[Task material]
BEGIN
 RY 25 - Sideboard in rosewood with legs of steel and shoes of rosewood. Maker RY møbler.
END
BEGIN
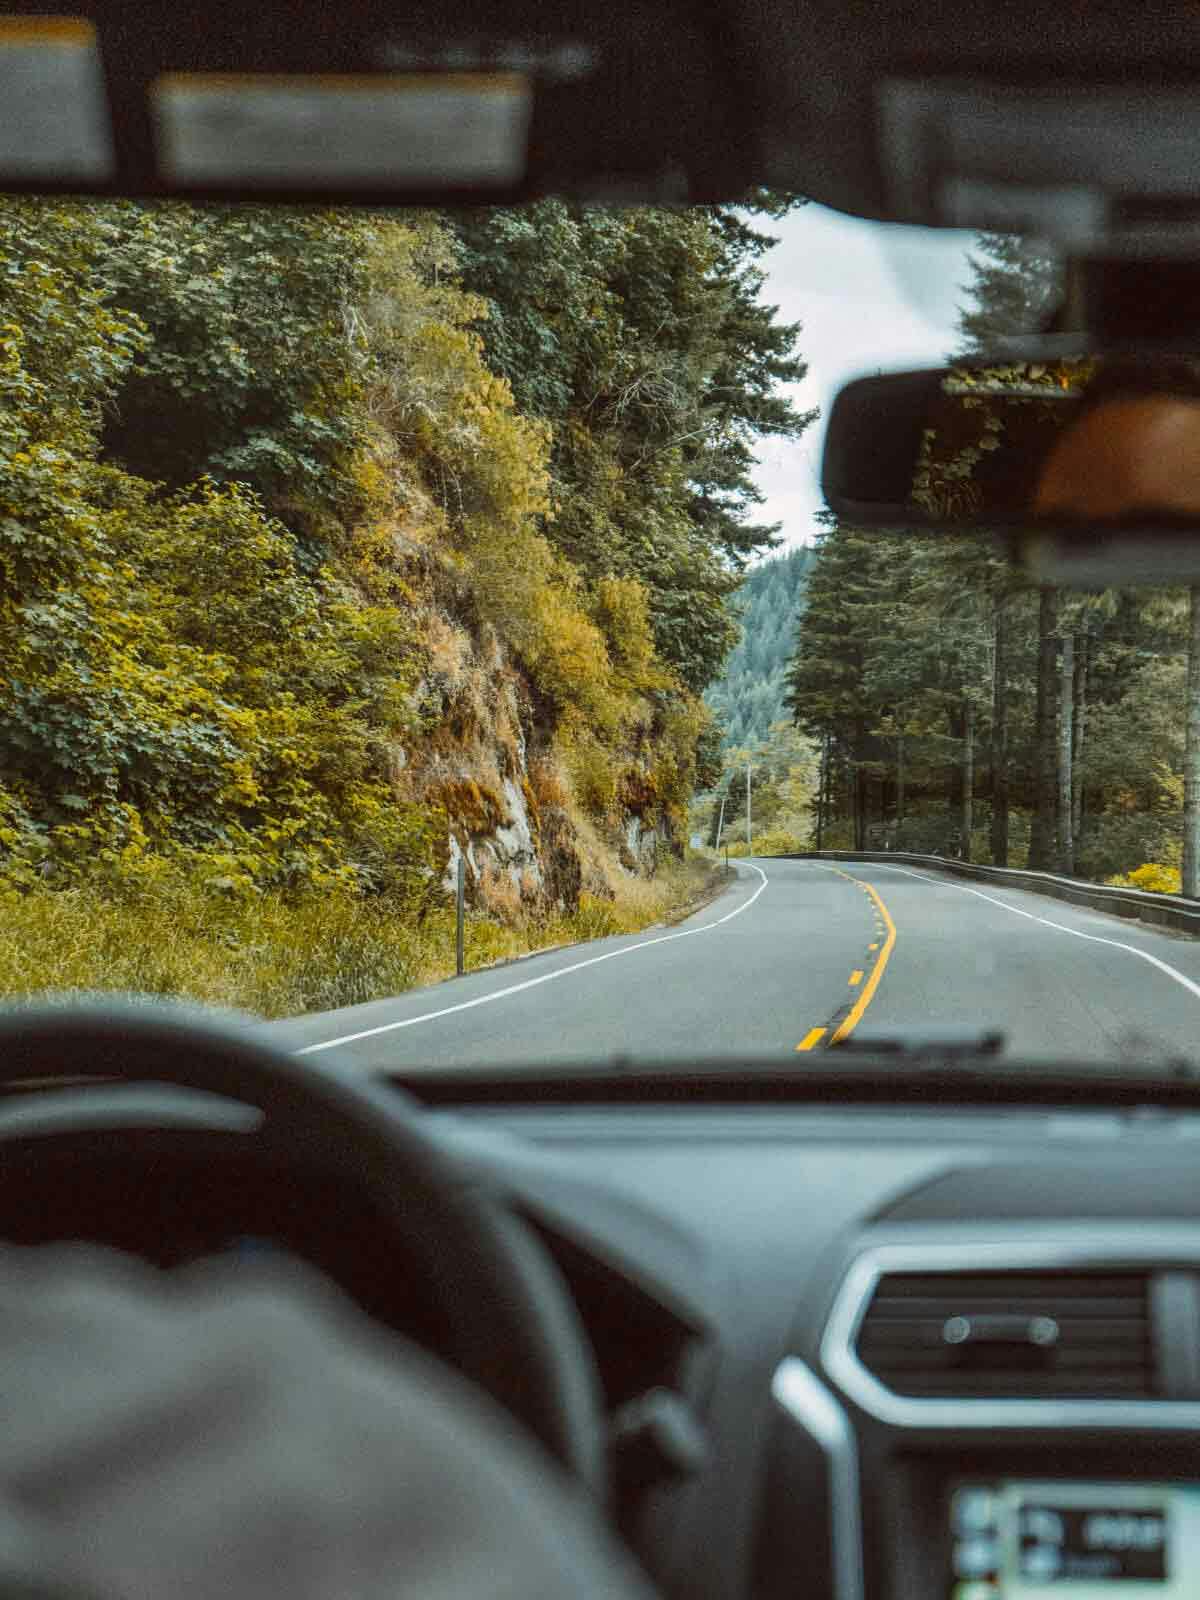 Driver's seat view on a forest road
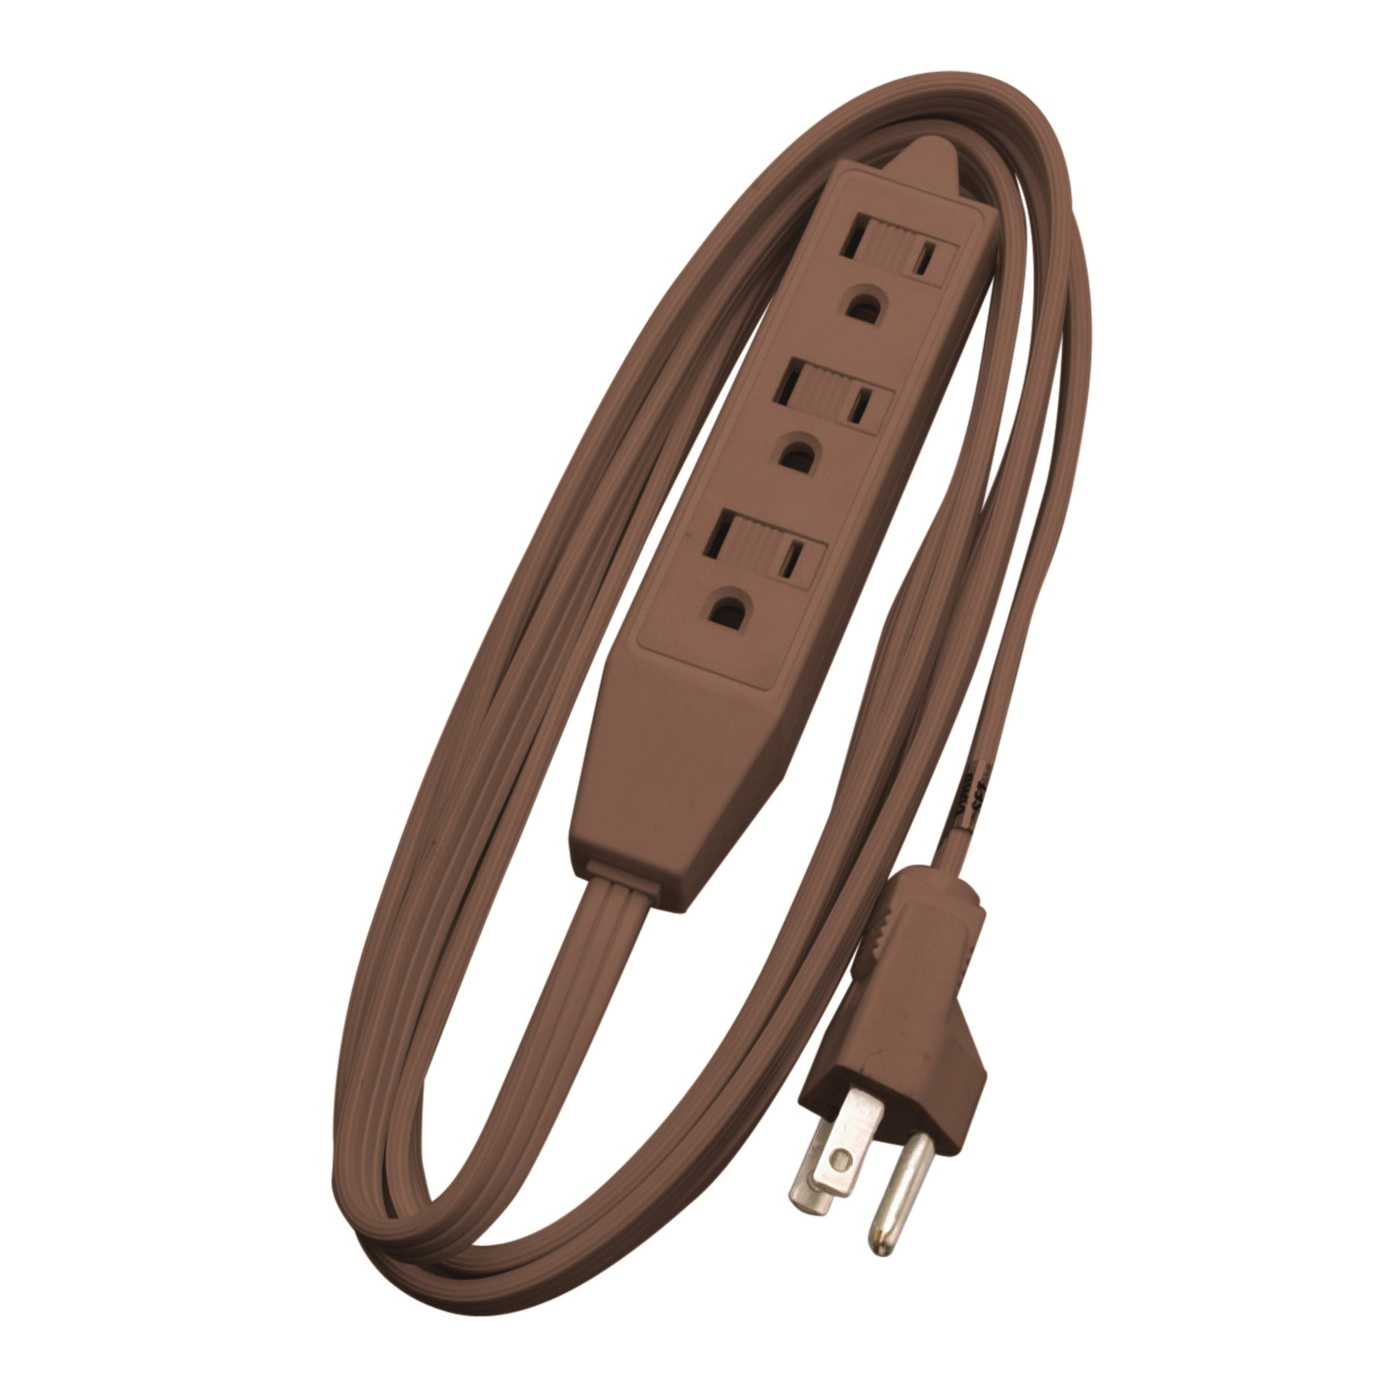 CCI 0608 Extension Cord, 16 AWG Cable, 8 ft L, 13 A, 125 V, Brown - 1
END
[What the exercise asks] Extract the part of the records that opens with the line containing "Driver's seat view on a forest road" and closes with the line containing "CCI 0608 Extension". Take only those lines, exactly, and no pictures.

[Answer area]
 Driver's seat view on a forest road
 CCI 0608 Extension Cord, 16 AWG Cable, 8 ft L, 13 A, 125 V, Brown - 1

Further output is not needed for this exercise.